Nowadays, freegans in Singapore rescue their food directly from sellers instead of rummaging through bins, which helps with food safety. Even if you’re too squeamish for rescued vegetables or fruits, there are often giveaways for excess processed foods with expiry dates – and you can still adopt other freegan-adjacent practices like sourcing second-hand goods.

The freegan community

Seeing how the media usually portrays the most prominent and proactive members of niche communities such as freeganism, I expected the freegan community to be hardcore. But my experience with them proved otherwise. 

During my continued volunteer work with Little India Veggie Collection, I’ve encountered many likeminded people, ranging from cryptobros and German expats to semi-retired aunties and ITE students. It’s important to note that not all of them are freegans – after all, you don’t have to be one to think that food wastage is worth tackling. Like what Xin Yi mentioned earlier, freegans love to share. I’ve gotten (many) loaves of sourdough, cartons of Horlicks tetra-paks, and even scones from fancy bakeries in my experience with them. 

“I don’t usually say hi to people,” says Xin Yi. “But because of freeganism, I’ve learned to open up. This allows me to share extra food that I have with others.”

“It’s a nice way of interacting with my community –  of helping each other out, rather than living in our own HDB flat, minding our own business.”

This sense of community kept me coming back. And I think when social isolation amongst Singaporeans is such a big problem, especially among youth, such community-centric efforts are a step in the right direction. 

The freegan community has grown in recent years, and part of that is down to freegans like Xin Yi publicising the movement. “I just want to open people up to the idea that there are other ways to live your life. I think that Singapore can sometimes feel a bit restrictive about what you should or should not do. I want to challenge them on that sentiment.”

There is criticism towards freeganism. As much as it’s an anti-consumerist lifestyle and ideology, isn’t it still benefiting off the excesses of consumerism? Xin Yi argues that its current state of being reflects our current realities. 

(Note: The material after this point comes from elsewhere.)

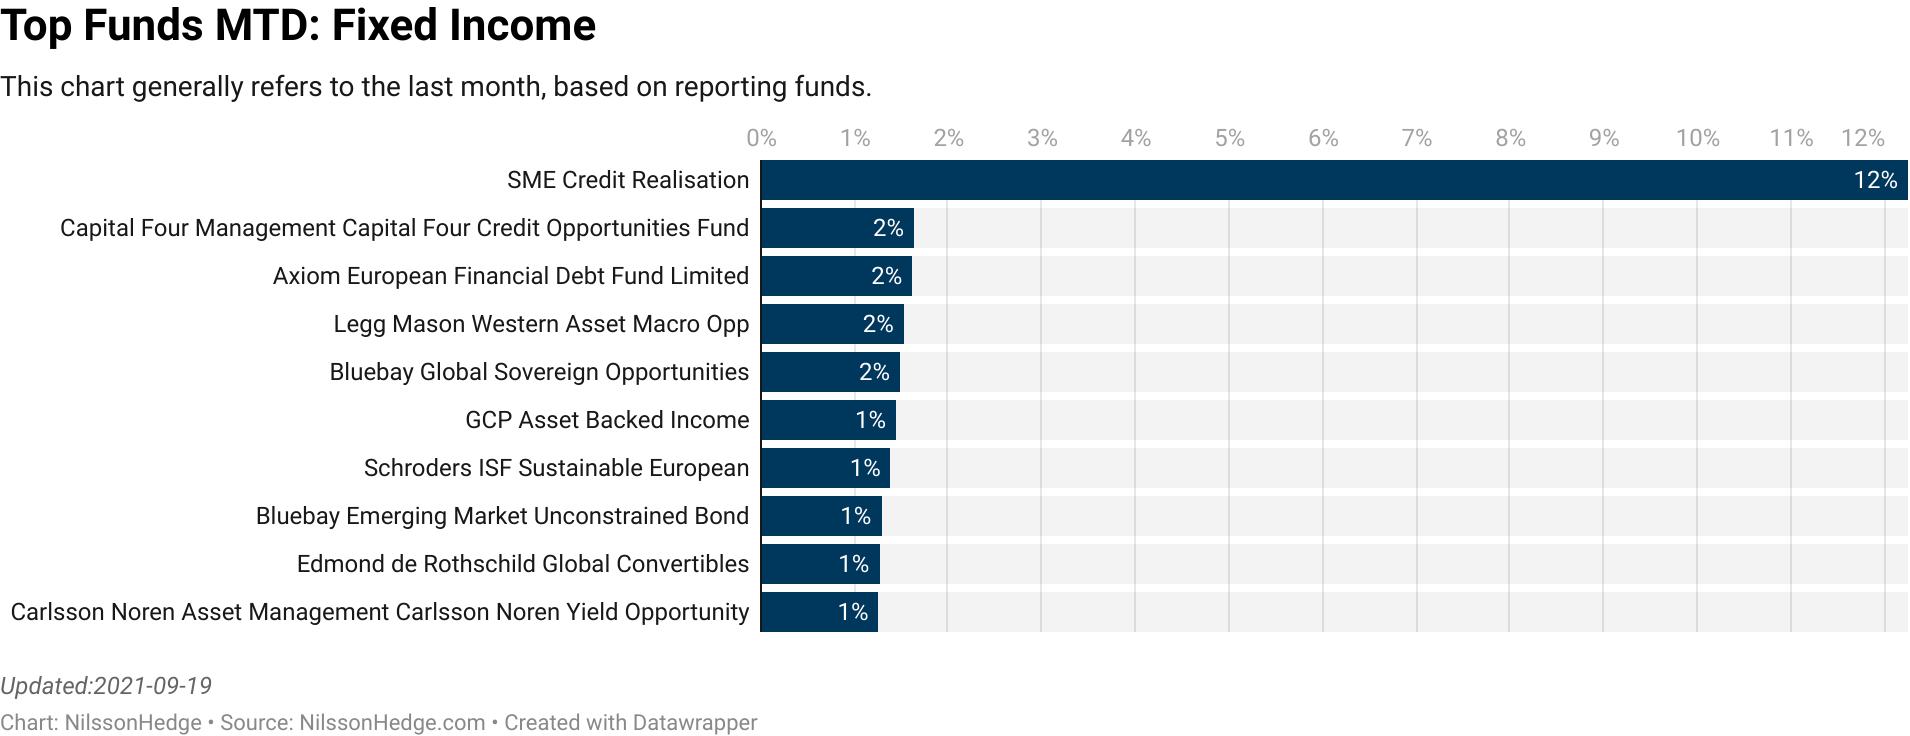 VPC : Specialty Lending Investments  :  5.71% [0.00]  BioPharma : BioPharma Credit  :  3.51% [0.00]  Nykredit Asset Management : Nykredit MIRA Hedge Fund  :  3.42% [73.70]  Formuepleje Fund Management : Formuepleje Fokus  :  3.41% [203.10]  CQS : New City High Yield Fund  :  2.65% [0.00]  GCP : Asset Backed Income  :  2.03% [0.00]  Stadion : Trilogy Alternative Return  :  1.69% [0.00]  Carlsson Noren Asset Management : Carlsson Noren Yield Opportunity  :  1.57% [26.60]  Highbridge : Credit Fund  :  1.52% [0.00]  Nykredit Asset Management : Nykredit EVIRA Hedge Fund  :  1.15% [54.30]

“The end goal for freeganism is that it ceases being a niche movement,” says Xin Yi. “That freeganism is about values and practices that everybody embraces because it makes sense. Then, we no longer distinguish between freegans and non-freegans – it becomes normalised. There’s a lot of abundance in this world. But can we see it? Are we willing to share things? There’s also the aspect of building community and helping each other. Nowadays, you can pay someone to do everything, and many relationships become transactional rather than relational. It’s nice to build those connections again.”

As I walk home under the moonlight after a long day of food rescue efforts, my ah ma trolley rumbling along the narrow shophouse walkways, I’m accompanied by a retired auntie and a domestic helper. Chatting with them, I’m inclined to agree with Xin Yi.